Uprights were leaning drunkenly, and even as the army watched, the last hammer blows broke the final supports. As Berenger stared, he saw the last sections of the bridge move slowly from the verticals and begin to fall into the waters, individual planks pulling away from the rest of the structure, then the heavy beams that took the full weight of the bridge, all traffic tumbling after them, and the whole of the main roadway floating away like a vast barge. At last, the noise of hammering and then cries and the sound of wood rending and tearing came to them on the air.
‘That looks like the furthest extent of our ride,’ Robin said.
Berenger glanced at him. ‘You think so? If there’s a town up there, and there’s a river here, that means someone used to cross the river before the bridge was built. So, somewhere down there is a ford. All we have to do is find it.’
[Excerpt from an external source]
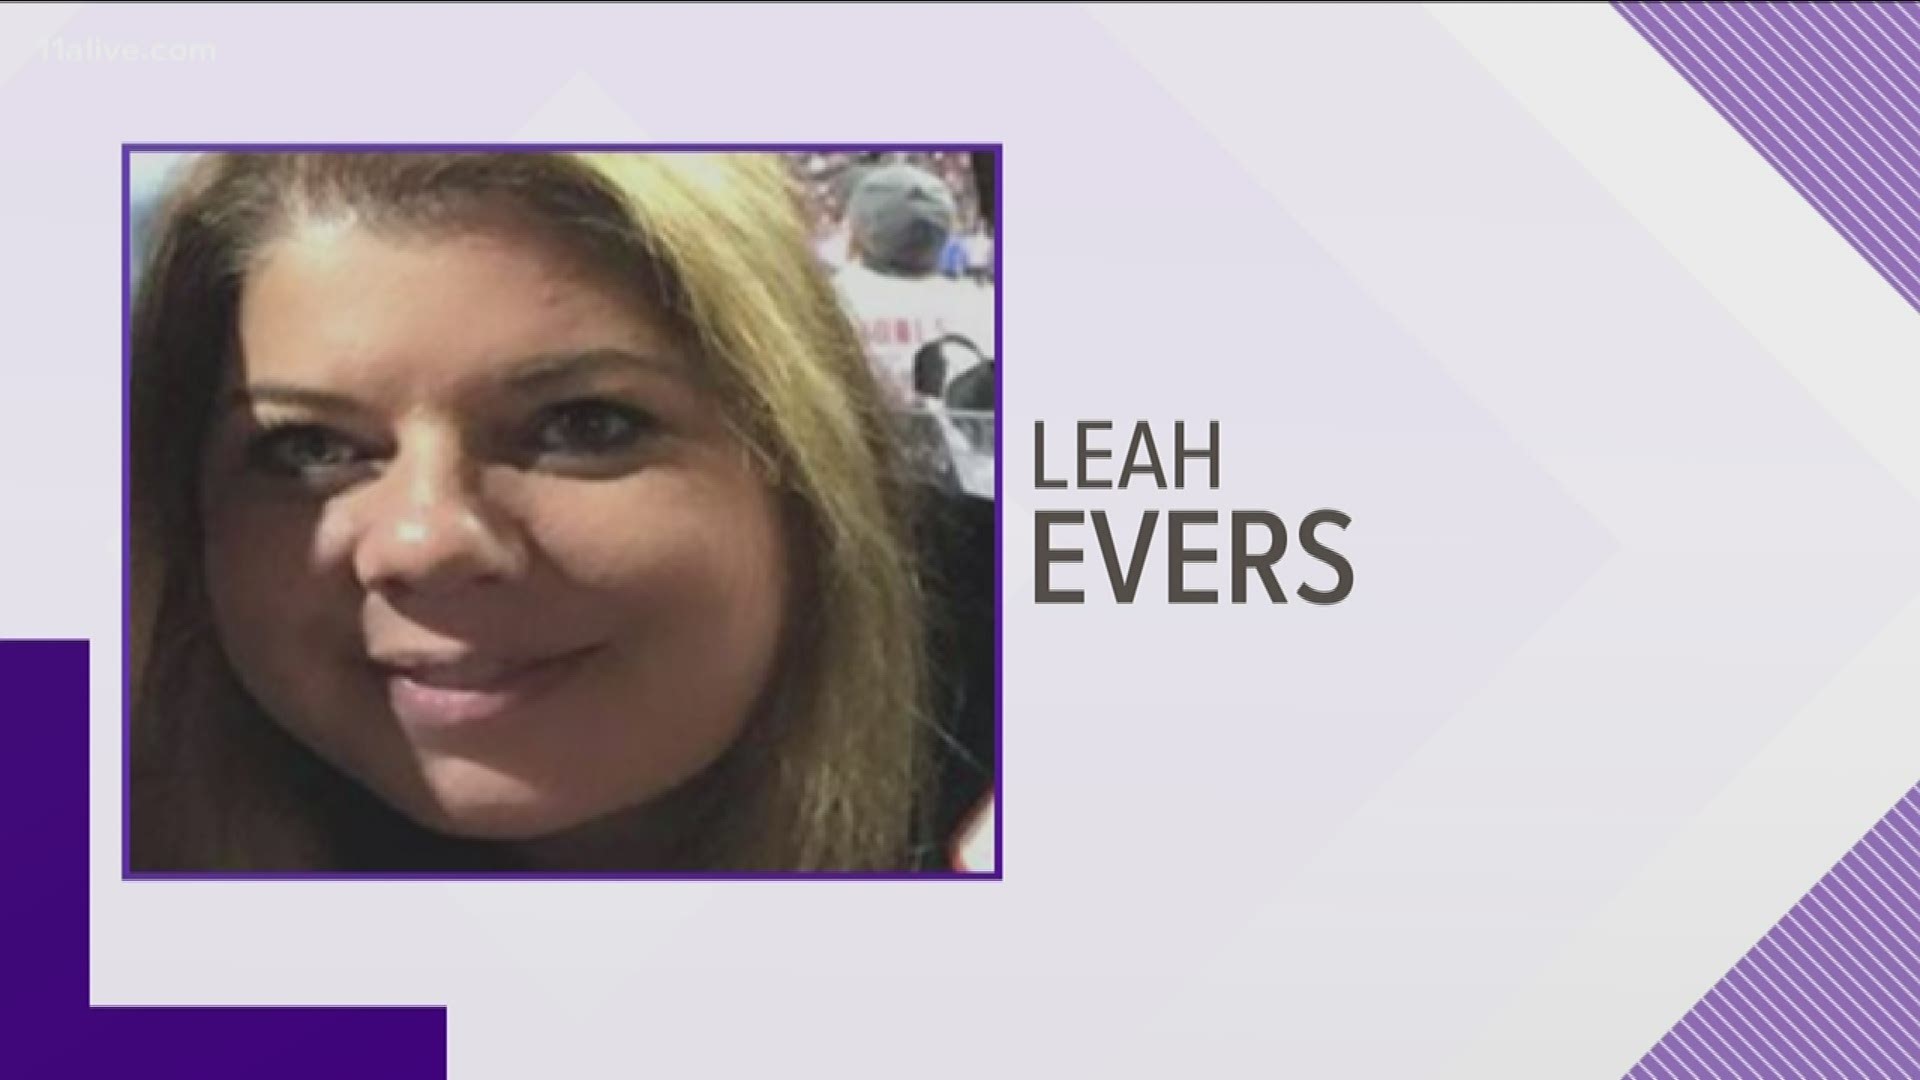 Leah Evers conned dozens out of Super Bowl tickets, police said.

‘A ford?’ Robin said. ‘Over that river? It’s huge!’
‘Not as big as the Seine when we crossed that ten years ago,’ Berenger said. As he spoke, the command to proceed came, and before long Berenger was being called to the front.
‘Sir?’
The Captal looked as though he was ready to beat to death the first man who answered back or who seemed to thwart him. ‘I want to know . . . How can we cross that river? We must get to Vierzon on the other side.’